“Ey insanlar! Şu şaşkın felsefecileri dinlemeyiniz!”
“İtiraf ettiğinize binaen nasıl oluyor da o şuursuz kanunlar, ancak sonsuz bir şuurla yapılabilecek işleri yapıyorlar. Bu, cebinde beş kuruş parası olmayan birisinin millete milyarlarca para yardımı yapması gibi akıl ve mantığın kabul etmesi mümkün olmayan bir iştir. Hâlbuki bu işleri yapmak için sadece şuur da yetmiyor. Nihâyetsiz kudret, ilim ve irade gibi birçok sıfatların da bulunmasıyla ancak bu işler olabilir.”
Peygamberleri dediler ki: “Gökleri ve yeri yaratan Allah hakkında şübhe olur mu?” (İbrahîm, 10) bu âyeti kerime istifhamı inkârî ile yani “Allah hakkında şübhe olur mu?” şeklinde sormakla, o sorduğunu inkâr manasında “şübhe edilmez” diye ferman eder.

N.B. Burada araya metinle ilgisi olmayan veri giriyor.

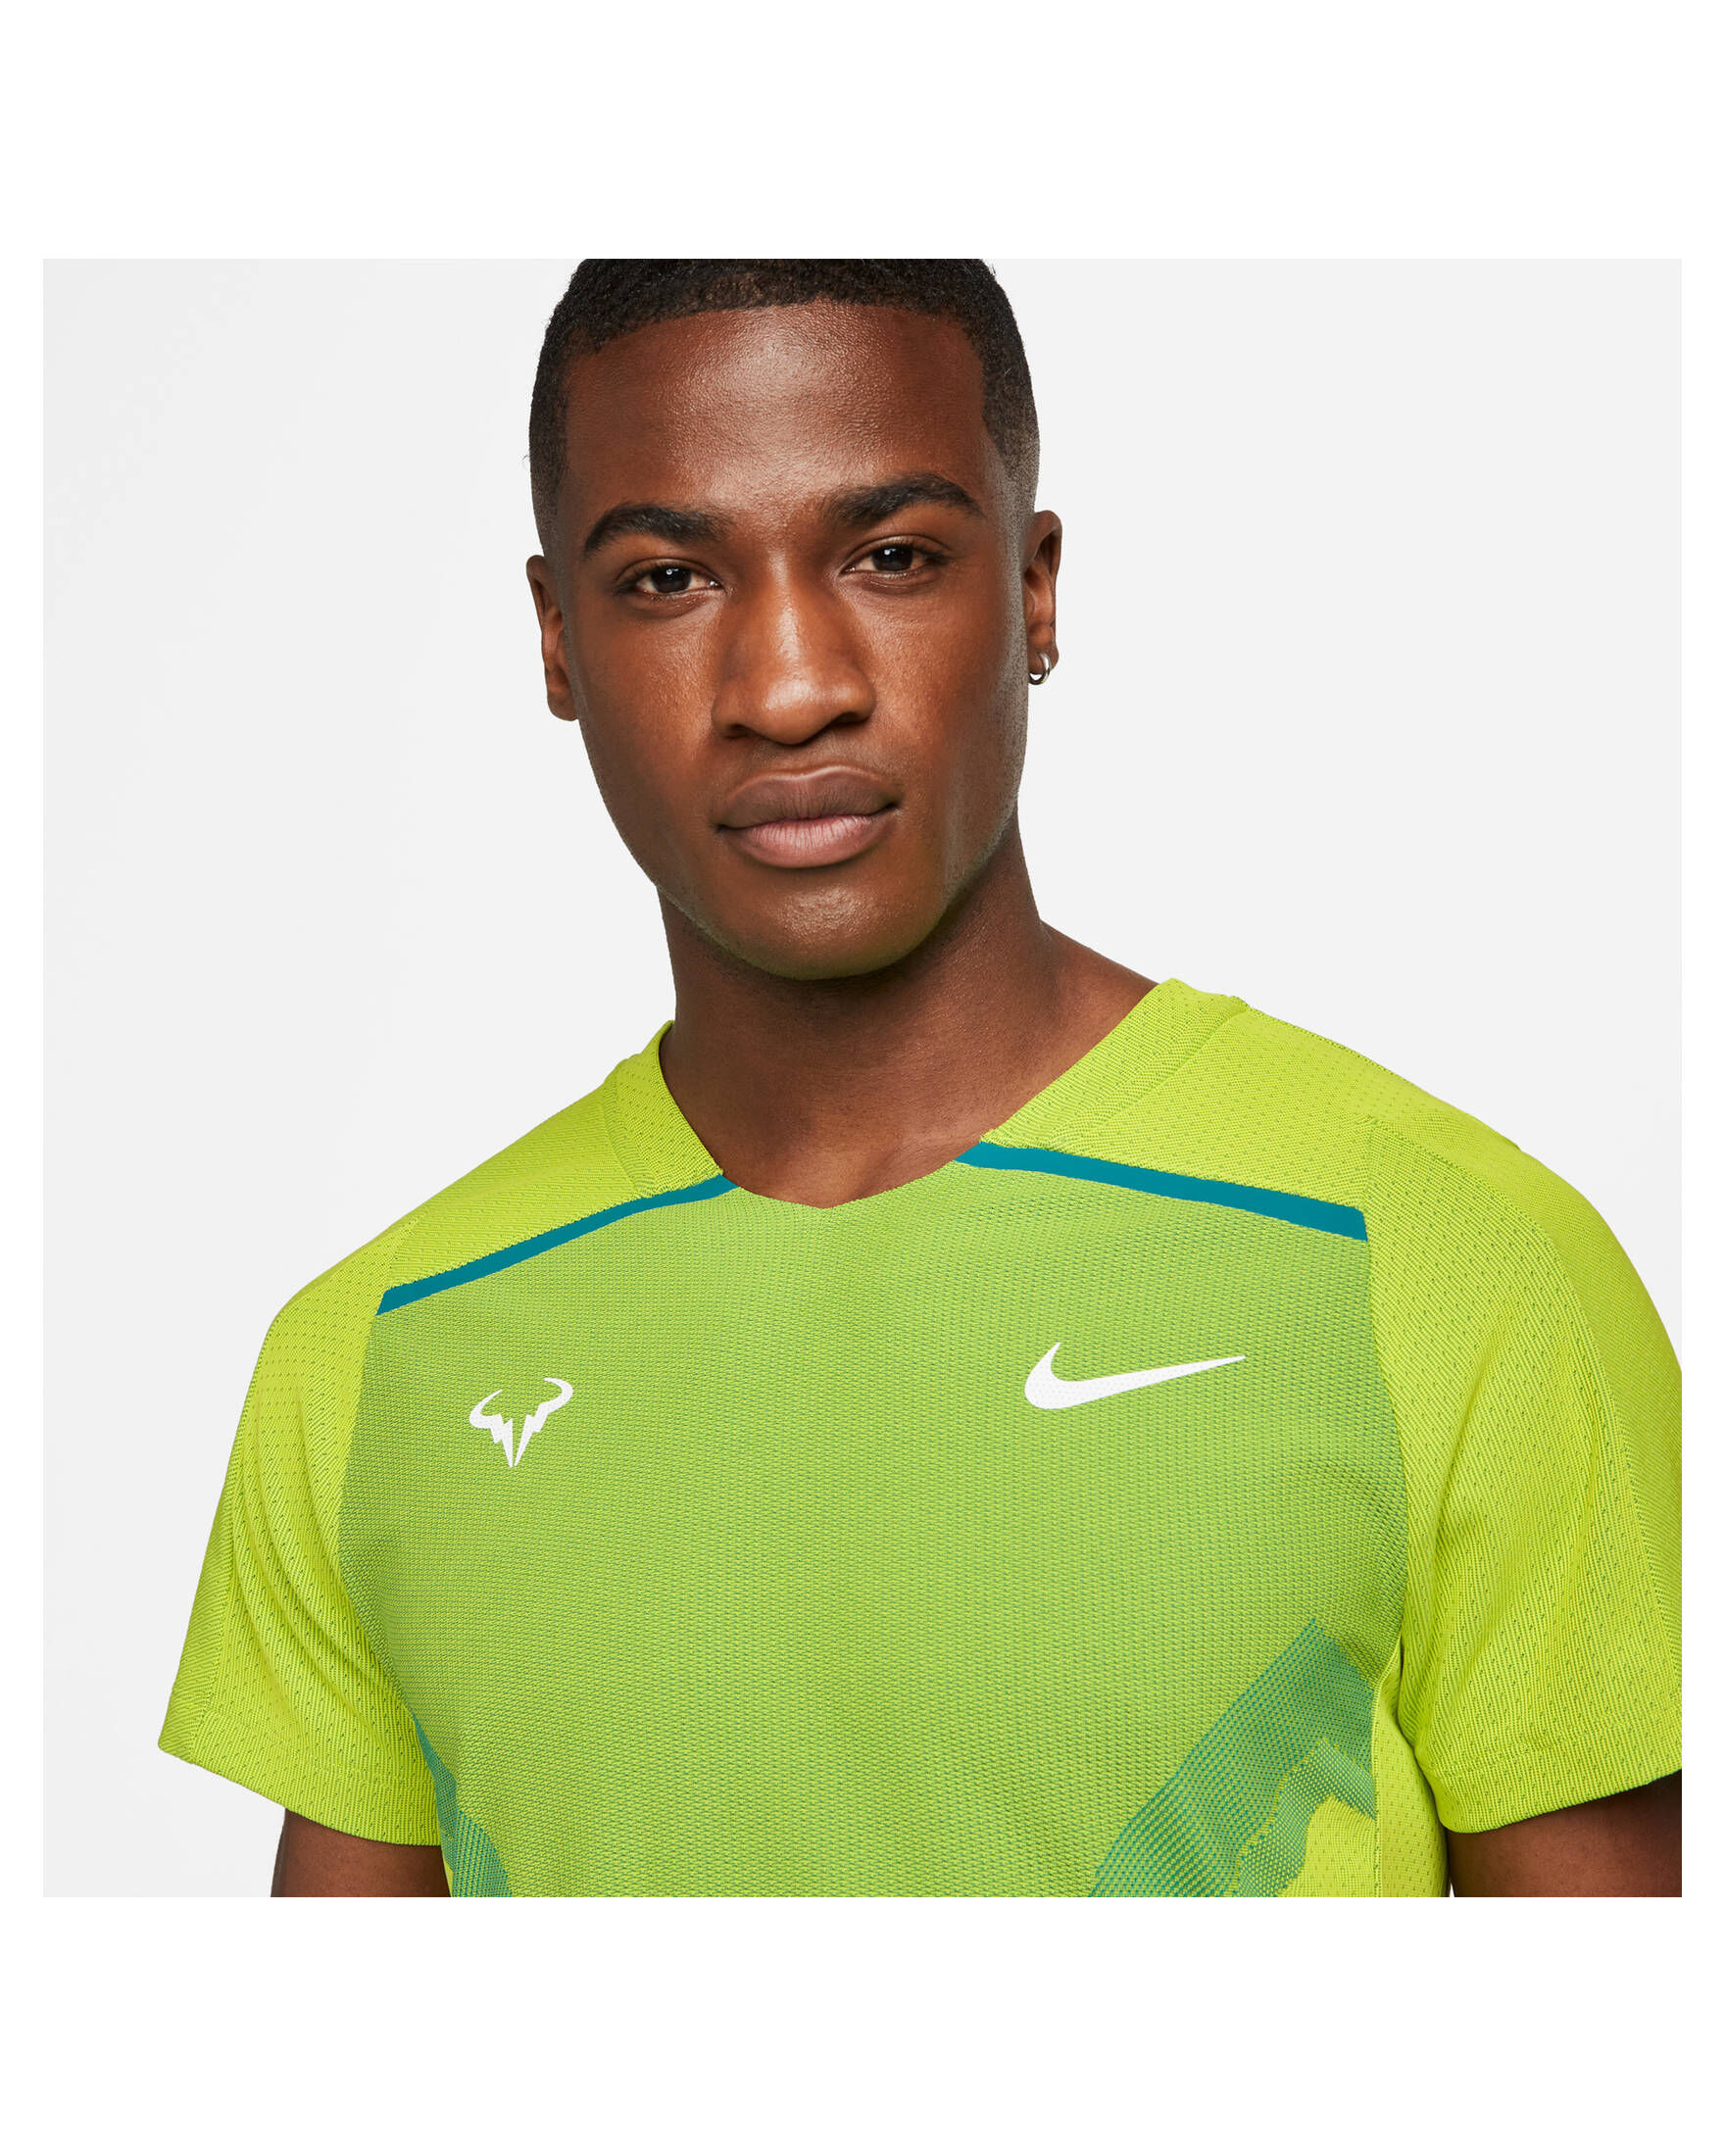 Nike Herren Tennisshirt DRI-FIT ADV kaufen |

Bu vahdaniyet hakîkatini Bedîüzzaman Hazretleri, Tabiat Risalesinde sebr ve taksim denilen en kat’i bir delille hiçbir izaha ihtiyaç bırakmayacak derecede beyan etmiştir. Biz de ondan istifade ederek, vahdaniyete dair bu yazımızda bazı açıklamalar yapmaya çalışacağız.
Evet, madem varlıklar var ve inkâr edilmiyor. Hem her bir varlık san’atlı ve hikmetli olarak vücuda geliyor. Aynı zamanda varlıklar başlangıçsız değildir, sonradan oluyor. Öyleyse o varlıklar;
(1) Kâinattaki sebebler bir araya gelerek yaratıyor.

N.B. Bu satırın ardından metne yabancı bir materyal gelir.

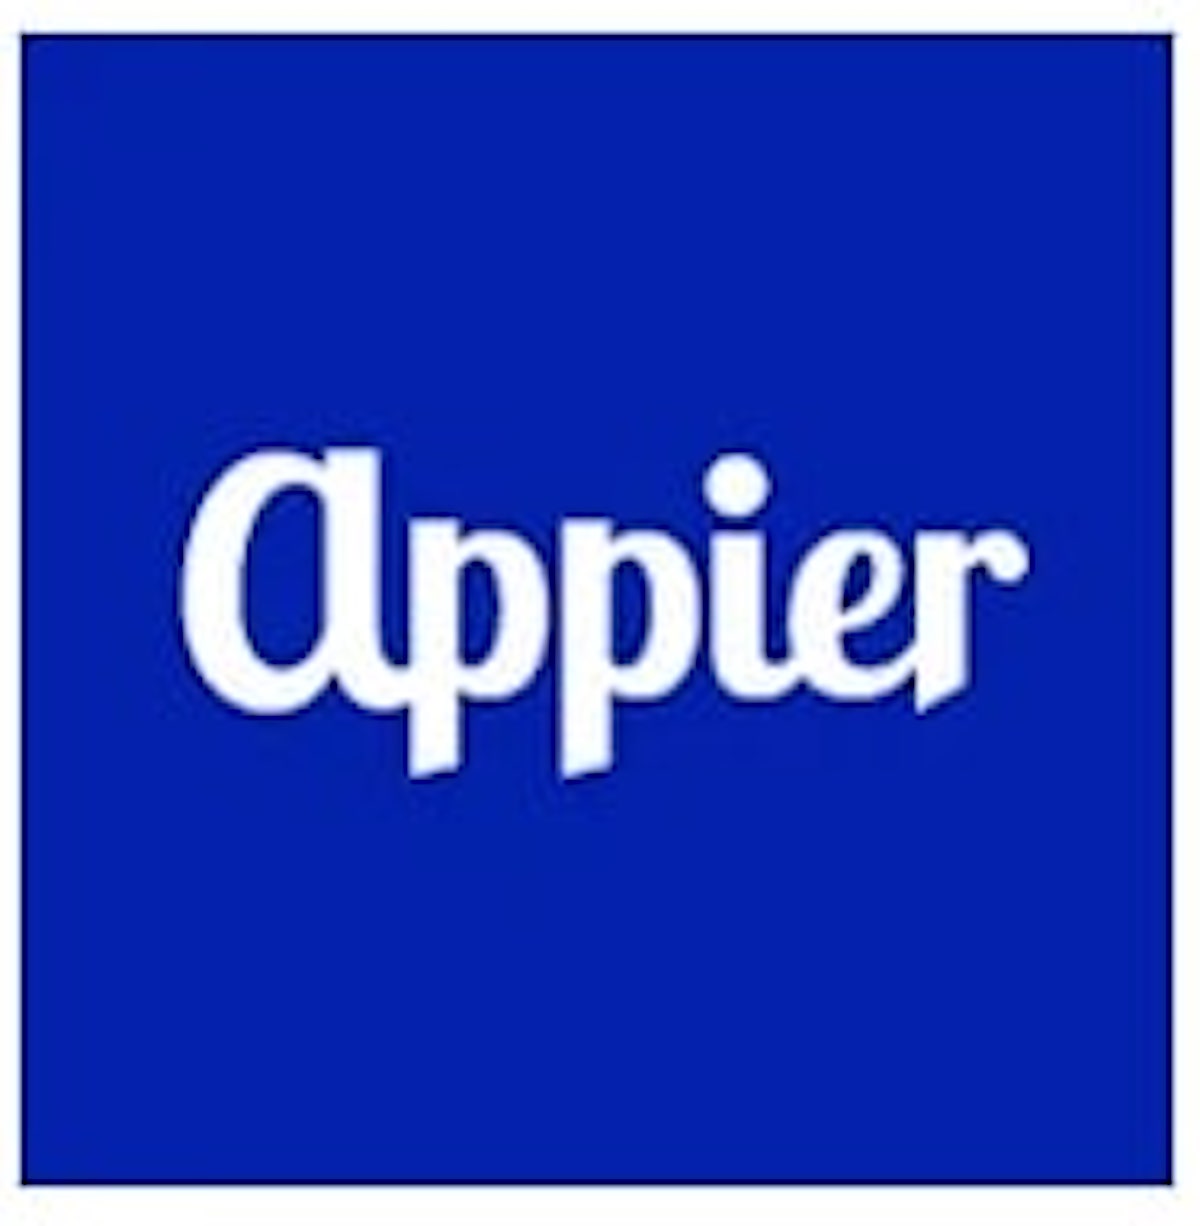 Appier Group、東証プライム市場へ移行　「クロスボーダー企業」としては初昇格

(2) O varlıklar kendi kendine oluşuyor.
(3) Tabiat denilen teşekkül kanunları ve dört unsur denilen hava, su, toprak ve ışığın isteyip yapmalarıyla meydana geliyor.
(4) Her şeye gücü yeten celal sahibi bir Kadîrin kudretiyle icad ediliyor.

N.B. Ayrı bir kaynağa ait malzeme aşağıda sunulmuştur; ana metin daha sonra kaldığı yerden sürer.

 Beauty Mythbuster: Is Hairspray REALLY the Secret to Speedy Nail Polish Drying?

Evet, bütün akıl ve mantık ehlinin ittifakıyla bu dört yoldan başka yol yoktur. Nasıl ki, açmamız lazım gelen kilitli bir kapı bulunuyor. Elimizde de dört tane anahtar var. Şübhesiz o anahtarlardan birisinin o kapıyı açacağını biliyoruz. Diğer anahtarları denemeden birisiyle o kapıyı açsak, insanların kafasında “acaba diğer anahtarlar da bu kapıyı açamaz mıydı?” diye bir tereddüt ve şübhe kalabilir. Eğer “sebr ve taksim” denilen kat’i bir mantık kaidesiyle, önceden diğer anahtarları birer birer denemiş olsak ve onların kapıyı açamadıklarını insanlara göstersek daha sonra kapının anahtarı ile o kapıyı açsak, açan anahtarın o kapıya aid olduğunu hiçbir şübheye meydan vermeden isbat etmiş oluruz.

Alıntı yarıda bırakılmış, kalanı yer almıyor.